# Worksheet 04

Name:  Truc Duong
UID: U40568683

### Topics

- Distance & Similarity

### Distance & Similarity

#### Part 1

a) In the minkowski distance, describe what the parameters p and d are.


1. **p:** The \(p\) parameter in Minkowski distance determines the order of the distance metric. It is a non-negative real number. When \(p = 1\), it corresponds to Manhattan distance, and when \(p = 2\), it corresponds to Euclidean distance. Generally, \(p\) can take any positive real value, which leads to different variations of Minkowski distance.
2. **d:** \(d\)  refers to the number of dimensions in the space in which you are measuring the distance. For example, in a 2-dimensional space (like the Cartesian plane), \(d = 2\). In a 3-dimensional space, \(d = 3\), and so on.


b) In your own words describe the difference between the Euclidean distance and the Manhattan distance.

- Euclidean distance between 2 points is the length of the  straight line between them.
- Manhattan distance between 2 points is how far away they are when you can only move in straight lines, in on a grid.

Consider A = (0, 0) and B = (1, 1). When:

- p = 1, d(A, B) = 2
- p = 2, d(A, B) = $\sqrt{2} = 1.41$
- p = 3, d(A, B) = $2^{1/3} = 1.26$
- p = 4, d(A, B) = $2^{1/4} = 1.19$

c) Describe what you think distance would look like when p is very large.


When \(p\) is extremely large, the Minkowski distance will primarily be determined by the maximum absolute difference in any dimension:


In this specific case of A(0, 0) and B(1, 1), no matter how large \(p\) is, the maximum absolute difference in any dimension will always be \(1\). Therefore, for extremely large values of \(p\), the Minkowski distance will approach \(1\).


d) Is the minkowski distance still a distance function when p < 1? Expain why / why not.

No. One counter example is the below case, where the triangle inequality is violated.
![Screen%20Shot%202023-09-25%20at%205.05.55%20PM.png](attachment:Screen%20Shot%202023-09-25%20at%205.05.55%20PM.png)

e) when would you use cosine similarity over the euclidan distance?

- when we want to see if the 2 objects are similar in direction
- 2 proportional vectors have cosine similarity of 1
- 2 orthogonal vectors have cosine similarity of 0
- 2 opposite vectors have cosine similarity of -1
- We use cosine similarity over euclidean distance when we are more interested in the angle, rather than the euclidean distance.
-> When direction matters more than magnitude

f) what does the jaccard distance account for that the manhattan distance doesn't?

- Jiccard similarity accounts for the size of the intersection.


#### Part 2

Consider the following two sentences:

In [44]:
s1 = "hello my name is Alice"  
s2 = "hello my name is Bob"

using the union of words from both sentences, we can represent each sentence as a vector.
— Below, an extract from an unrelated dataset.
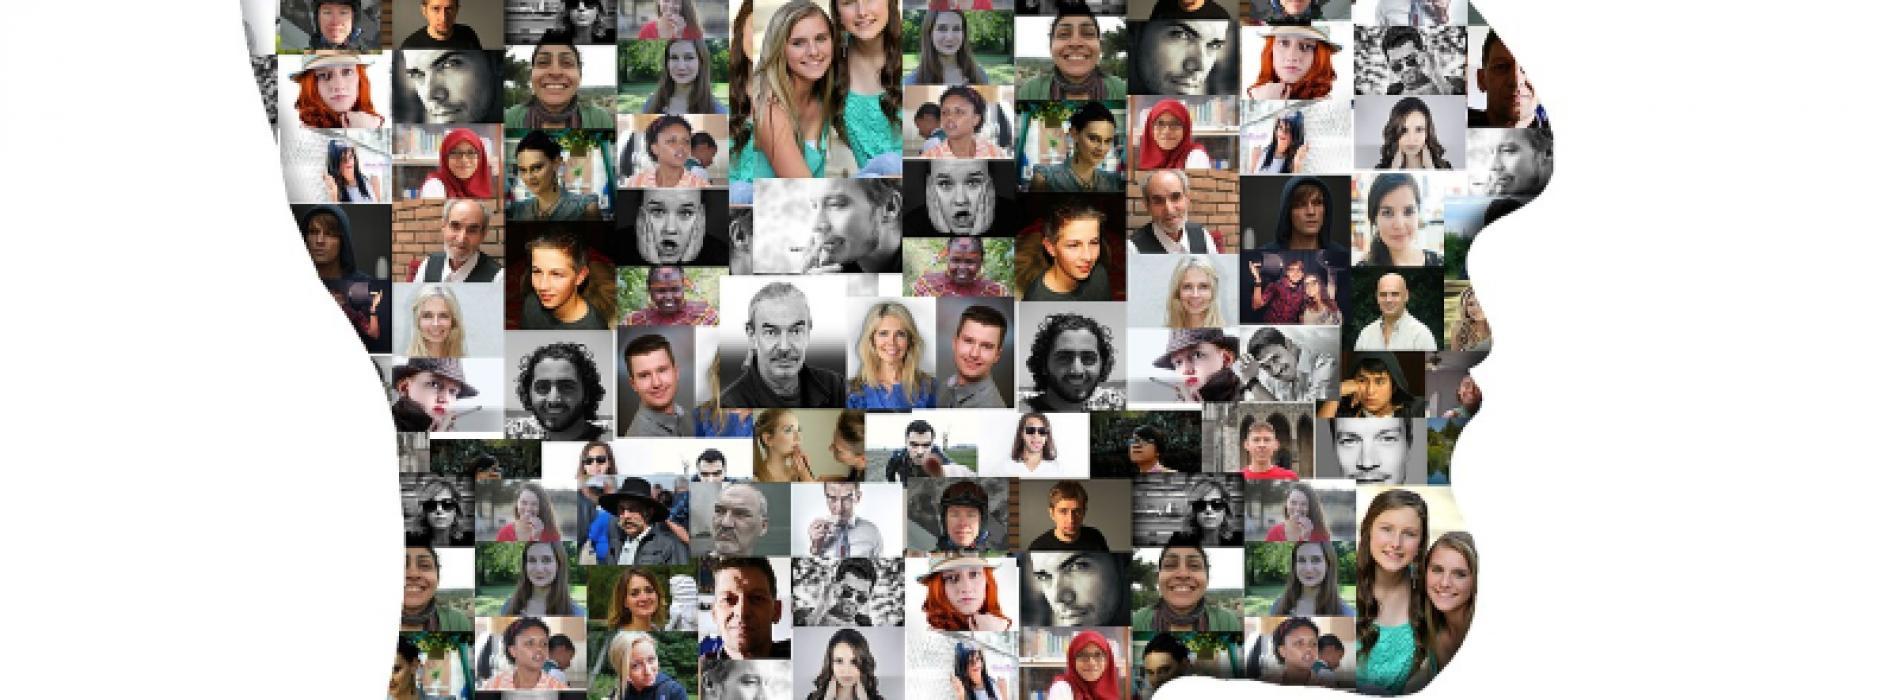 10 błędów w social mediach popełnianych przez małych i wielkich

Each element of the vector represents the presence or absence of the word at that index.

In this example, the union of words is ("hello", "my", "name", "is", "Alice", "Bob") so we can represent the above sentences as such:

In [45]:
v1 = [1,    1, 1,   1, 1,    0]
#     hello my name is Alice
v2 = [1,    1, 1,   1, 0, 1]
#     hello my name is    Bob

Programmatically, we can do the following:

In [46]:
corpus = [s1, s2]
all_words = list(set([item for x in corpus for item in x.split()]))
print(all_words)
v1 = [1 if x in s1 else 0 for x in all_words]
print(v1)

['name', 'is', 'my', 'Bob', 'Alice', 'hello']
[1, 1, 1, 0, 1, 1]


Let's add a new sentence to our corpus:

In [47]:
s3 = "hi my name is Claude"
corpus.append(s3)

a) What is the new union of words used to represent s1, s2, and s3?

In [48]:
new_union = list(set([item for x in corpus for item in x.split()]))
print(new_union)

['name', 'is', 'my', 'Bob', 'Claude', 'hi', 'Alice', 'hello']


b) Represent s1, s2, and s3 as vectors as above, using this new set of words.

In [49]:
v1 = [1 if x in s1 else 0 for x in new_union]
v2 = [1 if x in s2 else 0 for x in new_union]
v3 = [1 if x in s3 else 0 for x in new_union]
print(v1)
print(v2)
print(v3)

[1, 1, 1, 0, 0, 0, 1, 1]
[1, 1, 1, 1, 0, 0, 0, 1]
[1, 1, 1, 0, 1, 1, 0, 0]


c) Write a function that computes the manhattan distance between two vectors. Which pair of vectors are the most similar under that distance function?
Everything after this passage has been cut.